Brain Injuries Don't Show Up on X-Rays. That's the Problem.
You got hit. Maybe it was a car accident on the Lodge Freeway. Maybe you fell at work. Maybe somebody's dog knocked you down in a park. Your head hurt for a few days, then the headaches got worse. You started forgetting things — not big things at first, just where you put your keys, what you had for dinner last night, the name of the client you've been working with for three years. Then the personality changes started. Your spouse says you're irritable. Your boss says your work product isn't what it used to be. Your kids say you're "different."
That's what a traumatic brain injury looks like from the inside. And here's what makes TBI cases so difficult from a legal perspective: the standard imaging — CT scans, conventional MRIs — often comes back "normal." The insurance company sees "normal" brain scan results and assumes you're exaggerating. You're not. The scan just isn't sensitive enough to detect the injury.
What Michigan TBI Cases Are Actually Worth
TBI settlement values in Michigan span an enormous range because the injury itself spans an enormous range. A concussion with full recovery is fundamentally different from a diffuse axonal injury with permanent cognitive impairment.
Mild TBI / concussion with recovery: $50,000 to $200,000. These cases typically involve weeks to months of symptoms followed by a return to baseline. The value is driven primarily by medical treatment costs and the duration of work impact.
Moderate TBI with lasting deficits: $250,000 to $750,000. Memory problems that don't fully resolve. Difficulty concentrating. Reduced work capacity. These cases require neuropsychological testing to document the deficits and vocational experts to quantify the earning loss.
Severe TBI with permanent impairment: $1 million to $10 million or more. When someone can't return to work, can't live independently, or needs ongoing cognitive rehabilitation, the lifetime costs are staggering. Future medical care, lost earning capacity over decades, and the profound impact on quality of life all drive value into the millions.
The Proof Problem — and How to Solve It
Insurance adjusters deny TBI claims more aggressively than almost any other injury type because they know the standard imaging often doesn't show the injury. Beating that defense requires specialized diagnostics. Diffusion tensor imaging (DTI) can detect damage to white matter tracts that conventional MRI misses. Comprehensive neuropsychological evaluations — not the 15-minute screening your ER doctor did, but a full-day battery of cognitive tests — can document specific deficits in memory, processing speed, executive function, and attention. Testimony from neurologists and neuropsychologists connects the imaging and testing to the injury mechanism.
Building this evidence takes time and costs money. It also requires working with the right specialists. Koussan Law works with Michigan's top brain injury diagnosticians because proving TBI is half the battle.
Michigan No-Fault and TBI: The Coverage Problem
Under Michigan's reformed no-fault system (MCL § 500.3107c), your PIP coverage election directly impacts TBI treatment. If you elected reduced PIP coverage — $250,000 or less — you may burn through your medical benefits faster than you think. Brain injury rehabilitation is expensive: cognitive therapy, occupational therapy, neuropsychological monitoring, medication management. The fee schedule implemented under the 2019 reforms has caused some TBI rehab providers in Metro Detroit to stop accepting no-fault patients entirely.

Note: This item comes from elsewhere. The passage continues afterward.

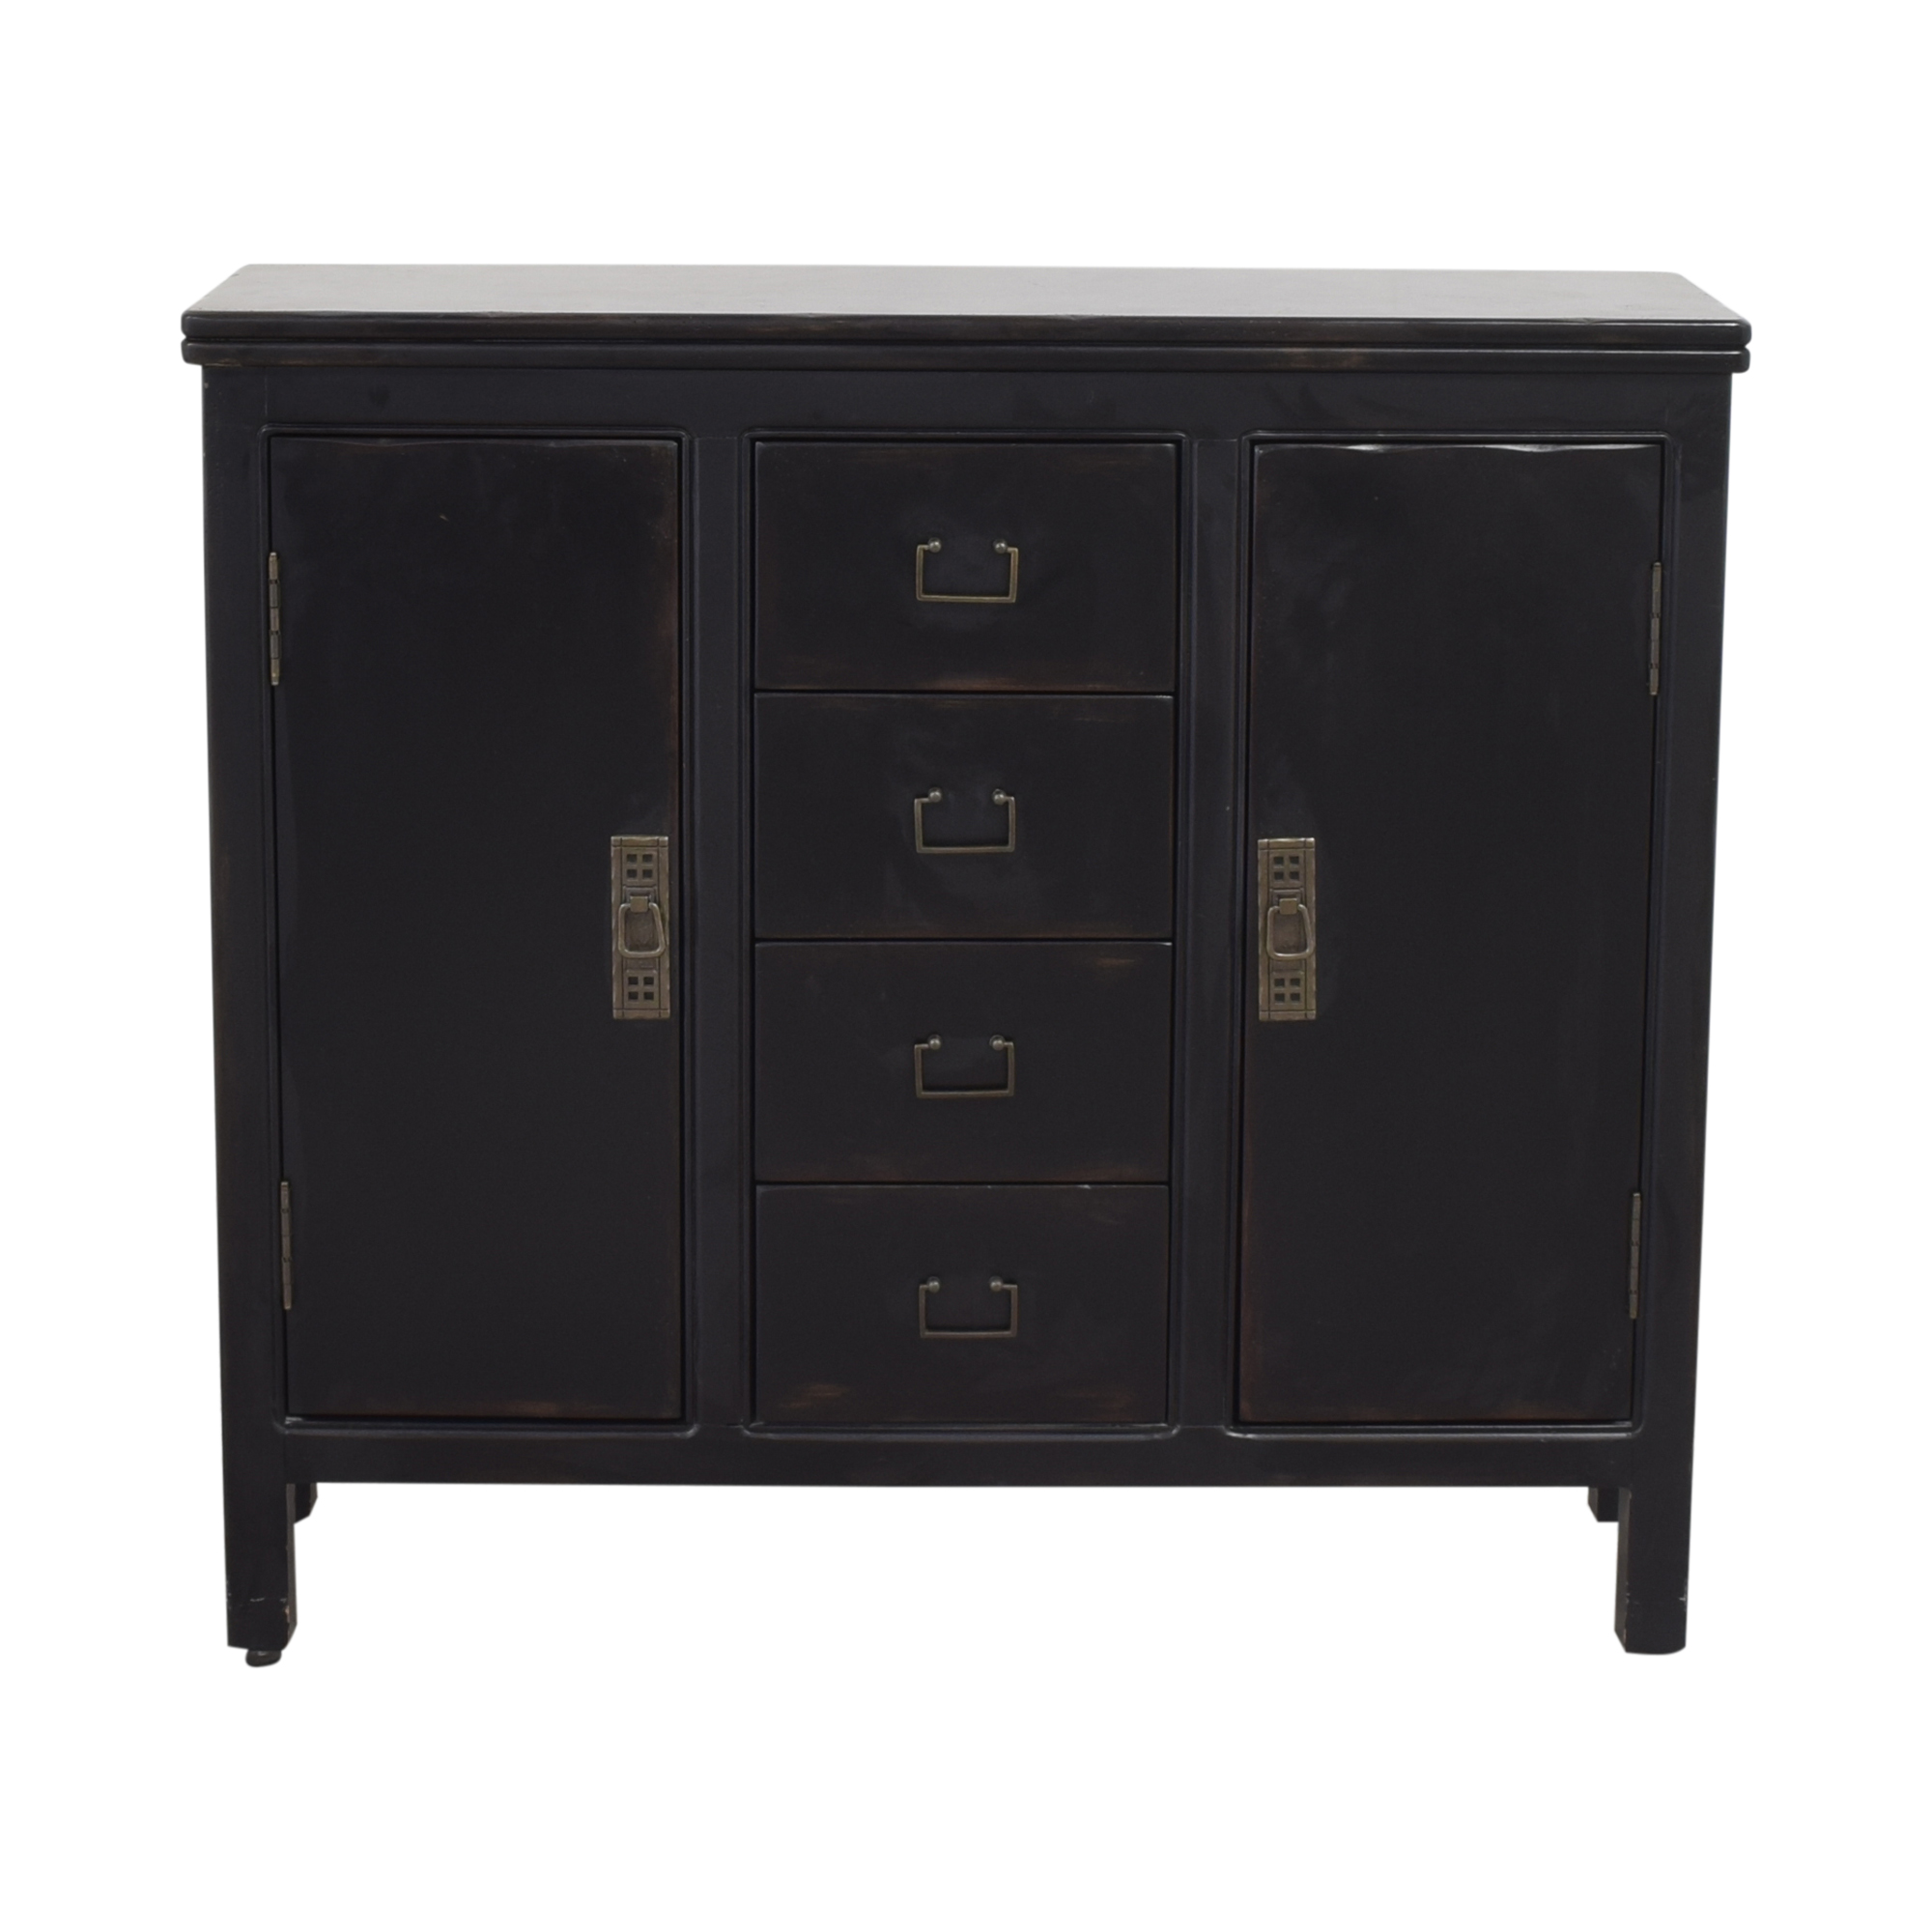 Hooker Furniture Hooker Furniture Chinoiserie Sideboard Cabinet Cabinets & Sideboards

Your third-party claim against the at-fault party is where the real compensation comes from — pain and suffering, lost quality of life, and damages that PIP doesn't cover. But that claim requires meeting the serious impairment threshold under MCL § 500.3135. For TBI cases, this usually isn't the obstacle — the challenge is proving the injury exists in the first place.
Don't Rush the Settlement
This is the most important advice for any TBI case: do not settle early. The full scope of a brain injury often doesn't become clear for 12 to 24 months after the accident. Cognitive decline, emotional instability, relationship breakdown, and career loss develop gradually. If you settle at month three based on a "normal" CT scan and a few weeks of headaches, you'll regret it when the memory problems, personality changes, and job loss materialize six months later.
Koussan Law doesn't rush TBI settlements. We wait until the medical picture is complete, the long-term impacts are documented, and the case is worth what it should be — not what the insurance company hopes to pay early.